Does evaluation make teachers more effective?

In Cincinnati, newly released research finds that teacher participation in a teacher evaluation system that includes highly structured classroom observations increases student performance. Released in the Fall 2012 edition of Education Next, the study looks at practice-based teacher assessment that relies on multiple, highly structured classroom observations conducted by experienced peer teachers and administrators.

Researchers examined a sample of midcareer elementary and middle school teachers in the Cincinnati Public Schools, all of whom were evaluated in a yearlong program based largely on classroom observation sometime between the 2003-04 and 2009-10 school years, with the schedule determined by a phased-in district evaluation system. They compared achievement of individual teachers’ students before, during, and after the teacher’s evaluation year, and found teachers to be more effective at raising student achievement in the year in which they were evaluated, and even more effective in years after evaluation. Improvements were most pronounced for teachers whose performance was weakest prior to evaluation.
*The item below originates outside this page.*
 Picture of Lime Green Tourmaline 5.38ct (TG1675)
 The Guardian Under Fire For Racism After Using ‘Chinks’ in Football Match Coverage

As an example, a student instructed by a teacher after that teacher had been through the Cincinnati evaluation would score about 11 percent of a standard deviation higher in math than a similar student taught by the same teacher before the teacher was evaluated.

The data could not identify the exact mechanisms driving improvements; nevertheless, results suggest that veteran teachers may develop skills or otherwise change their behavior in a lasting manner as a result of undergoing observation-based performance evaluation. This contrasts sharply with the view that effectiveness of individual teachers is essentially fixed after the first few years on the job and suggests that well-designed evaluation may, in itself, be a valid form of professional development.